Seminar, co-teaching with Helene Romakin
Protect Us From What We Want
Protect Us From What We Want, 2024
Workshop with students of HKB (Bern Academy of the Arts) in a high-rise in Bern Bümplitz, Switzerland
Realize that you are on the 14th floor of a 20-story high-rise building. Do you have any ambivalent feelings for this concrete landscape? Can you imagine to life here?
With Protect Us From What We Want we inquire about the role of desires and dreams in society.
Artists can serve as role models and fuel desires within society. However, in the materialistic world, desires are often lived out in a consumerist manner. Yet, we are aware that we consume more than the planet can provide. We consider sleep and dreams as part of the immaterial culture, which needs to be valued in the Anthropocene. Sleep and dreams are also central phases, mediums, and methods of artistic work. They spark our imagination and awareness. Dreams are places where desires are renegotiated. Experiences in dreams are biologically as real to our brains as experiences in the waking state. Dreams allow us to experience things that we cannot do in reality. Through exploring dreaming, including lucid dreaming, daydreaming, and dreaming up, the workshop examines approaches to worlds that have long been considered irrational and alien. Using perception and attention techniques, we aim to utilize dreams positively, unlike focusing on “defects” or in neoliberal self-optimization strategies. Since all people dream and potentially remember dreams, and the countless interpretations of dreams offer many possibilities, dreaming as a phenomenon remains current, ambitious, and challenging.
Reiselust im Anthropozän? Storytelling und Träume als kritische Methoden, 2024
Seminar, Kunsthistorisches Institut, Lehrstuhl Moderne und zeitgenössische Kunst: Prof. Bärbel Küster, Universität Zürich
Die globalisierte Welt mit der Selbstverständlichkeit des Reisens für Recherchezwecke oder auch als Tourismus ist durch die in der Klimakrise zunehmend auftretende Naturkatastrophen stark beeinträchtigt. Weltweit stehen Universitäten vor der Herausforderung, nachhaltiges Forschen und Lehren zu ermöglichen und zu etablieren. Zum wissenschaftlichen Arbeiten gehören vor allem Dienstreisen der Mitarbeitenden, um Symposien, Konferenzen oder Summer Schools zu besuchen. Die UZH hat zum Klima‐Neutralitätsziel 2030 erklärt, die flugbedingten Treibhausgas-Emissionen deutlich zu reduzieren. Das Seminar befasst sich mit Reisen aus kunsthistorischen Perspektiven und hat zum Ziel, ein neues Lehrformat zu etablieren, welches die vorherrschende Reisenotwendigkeit in Lehre und Forschung kritisch betrachtet.
Gemeinsam suchen wir nach möglichen Alternativen aus der Perspektive von post-anthropozentrischen und postkolonialen Diskursen.

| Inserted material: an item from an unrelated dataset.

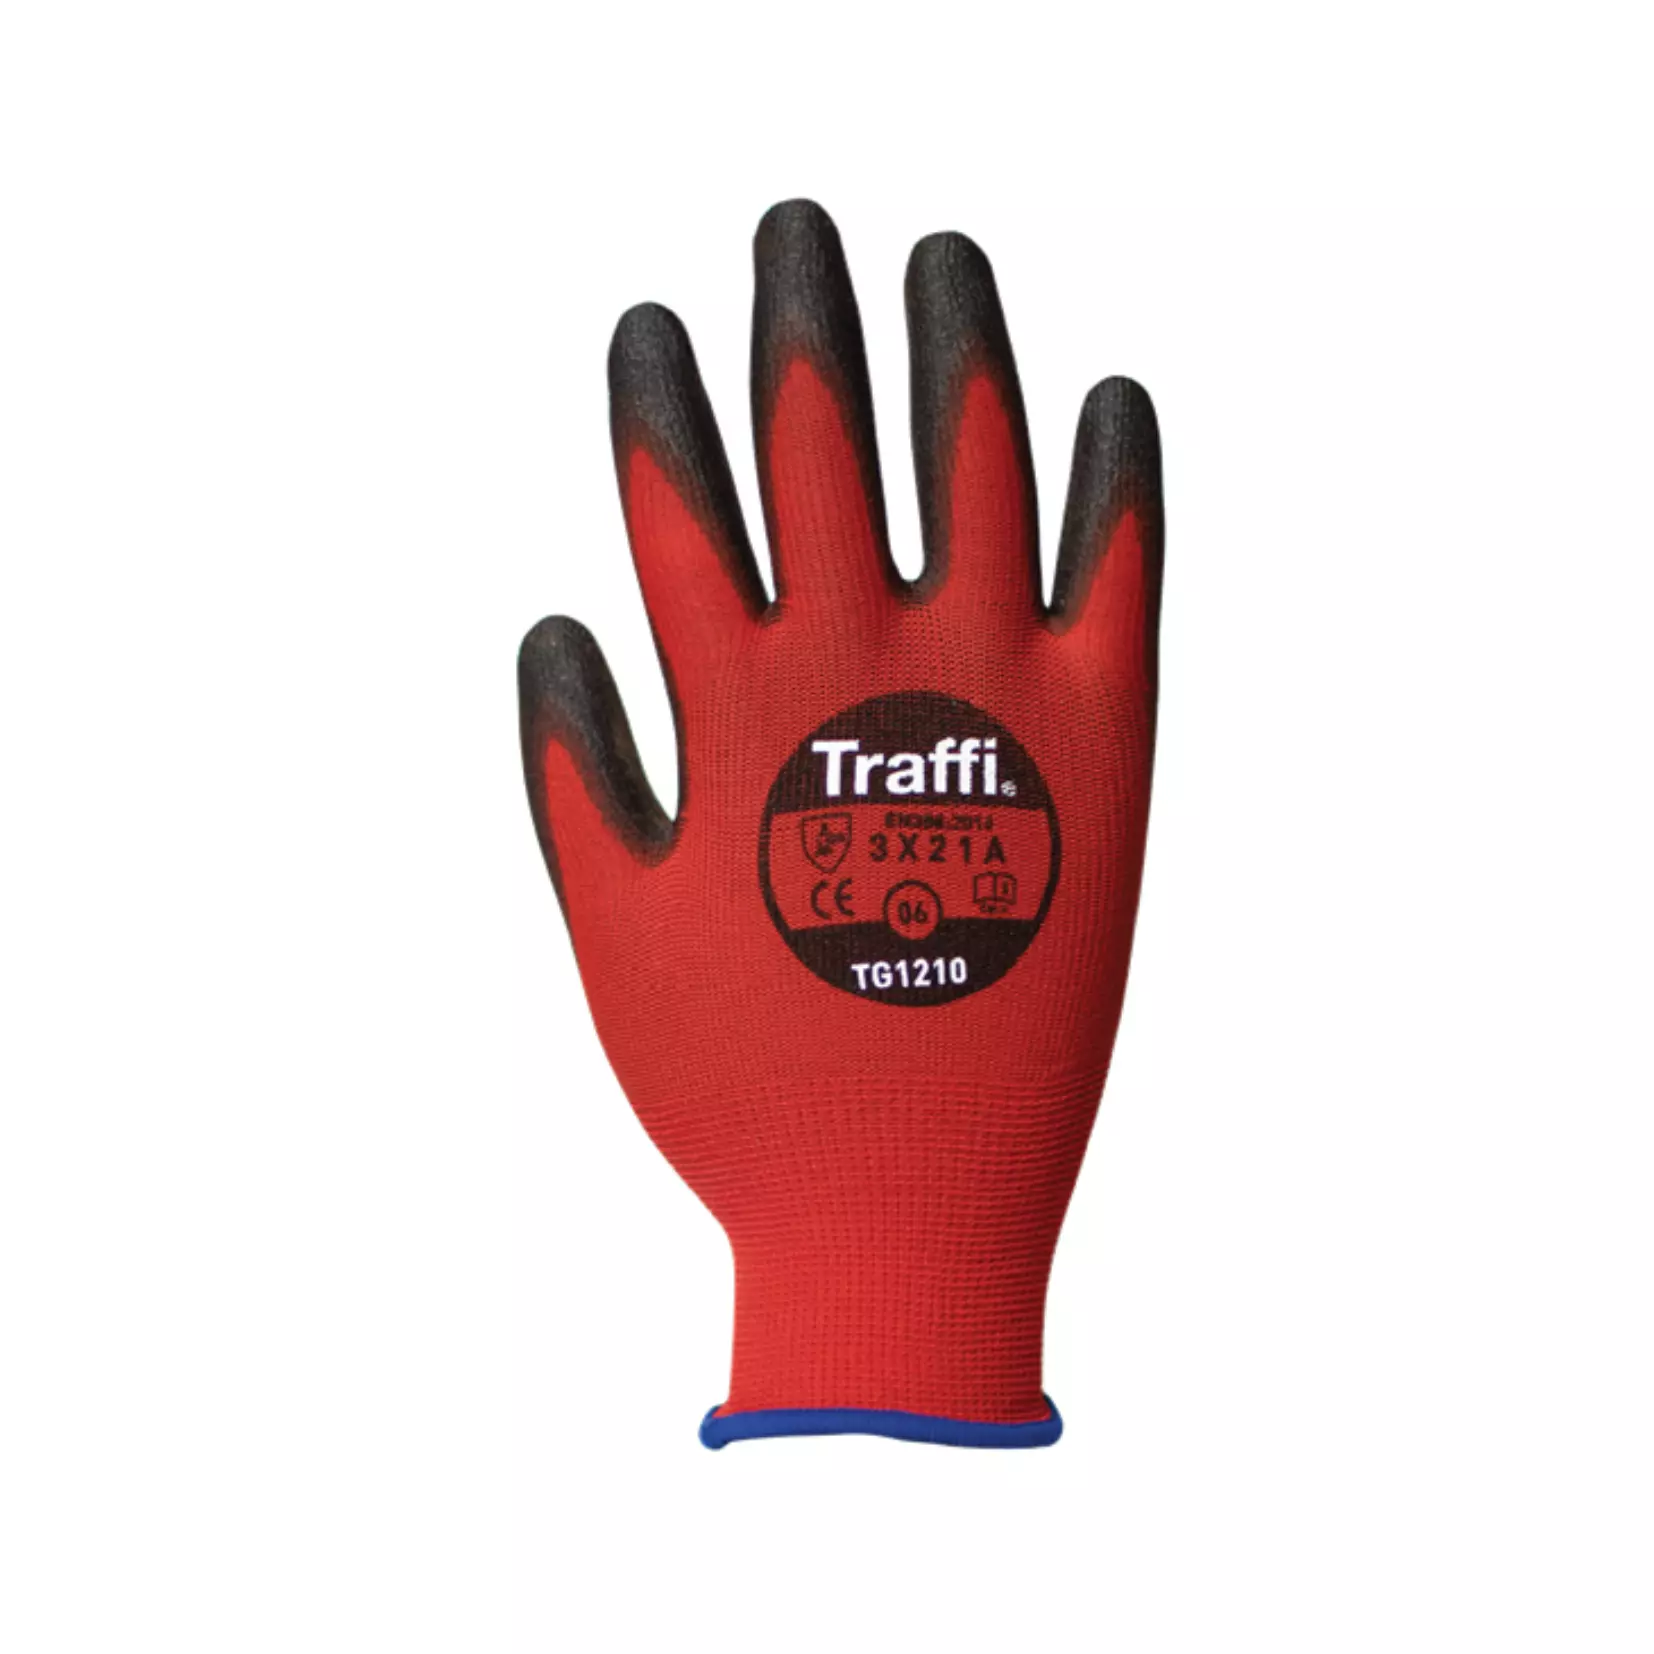 Traffi Class A Cut resistant gloves

Die Studierdenden erlernen experimentelle Methoden in ihrer Disziplin: Das spekulative Storytelling mithilfe von Aufmerksamkeitsübungen, Fiktionen, Träumen, Annäherung an künstlerische Methoden erlaubt es, neue analytische und kreative Horizonte zu öffnen, die die methodische Vielfalt innerhalb der Disziplin der Kunstgeschichte für das Zeitalter des Anthropozäns erweitern.

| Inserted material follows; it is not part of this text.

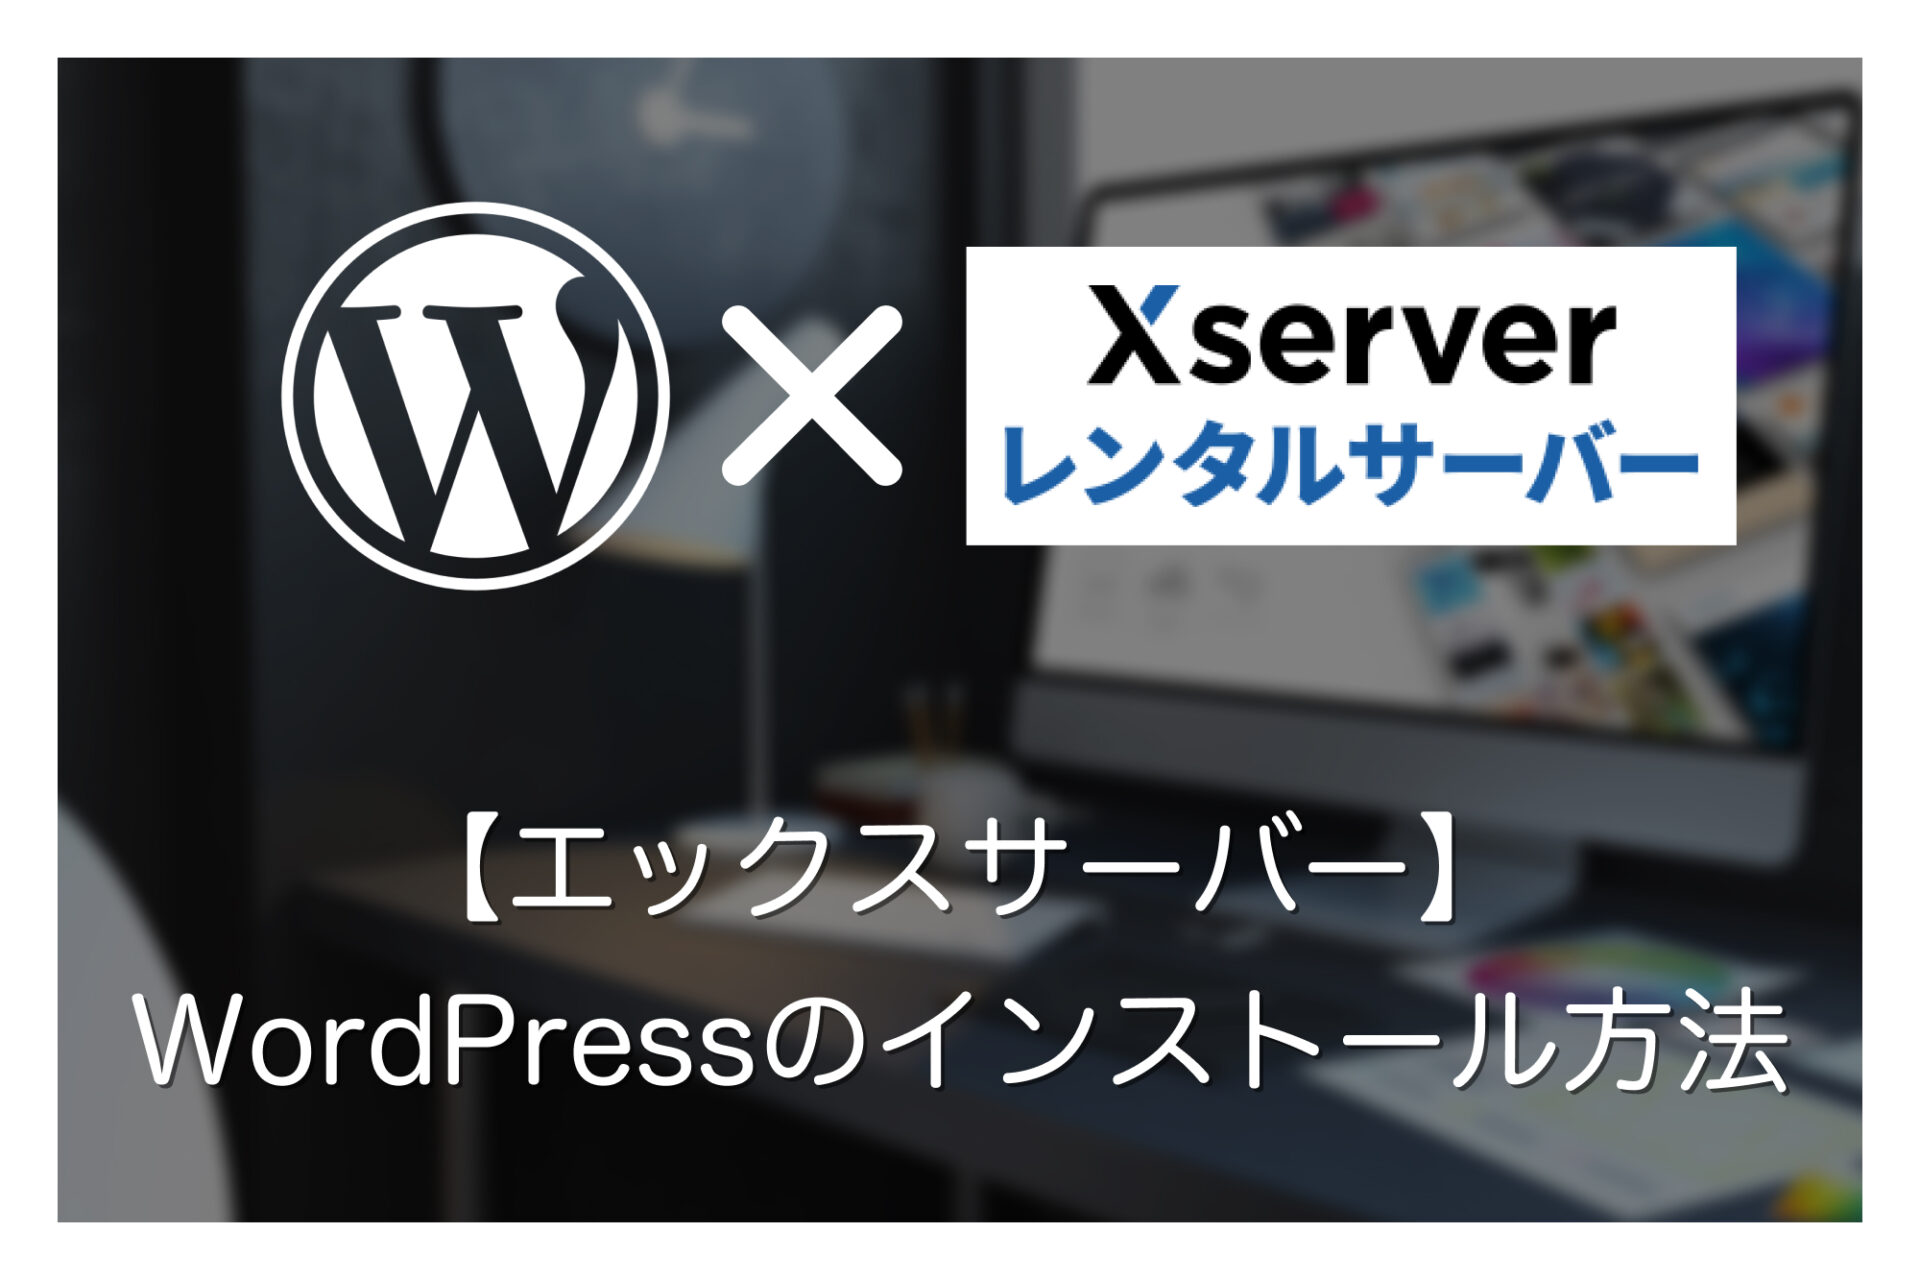 【簡単インストール】エックスサーバーでWordPressブログ・サイトを始める方法

Protect Us From What We Want, 2022
Seminar and Innovedum grant, Chair of the History of Art and Architecture, Prof. Dr. Philip Ursprung, ETH Zurich
Have you ever resisted the desire to travel and tried to imagine this journey? What does travel mean in the post-Holocene era?
The seminar explores the relevance of the seminar trip as a format in architectural studies while researching possible alternatives from the perspective of post-anthropocentric and postcolonial discourses.
Imagination and abstraction are important skills in the architectural profession. The seminar aims to train students in precise descriptions and to expand them with fictional content. Discussions will elaborate on the advantages and disadvantages of traveling and being on-site. Students will learn to deal with archival material and with digital sources of information and to evaluate them in creative storytelling.
Protect Us From What We Want, 2021
The participants will be divided into "travelers" and "non-travelers". They form a tandem and are in exchange with each other via different media. The seminar will allow participants to explore their own imagination and capacity for abstraction with diverse methods, media and formats such as lucid dreaming and storytelling with documentary and fictional content.
The discussions will elaborate on the advantages and disadvantages of traveling and being on site. In the two different attentions of the students' tandem work, the digital experience and the real experience meet. Discussed are those elements and facts that benefit or come off worse due to the different perceptions.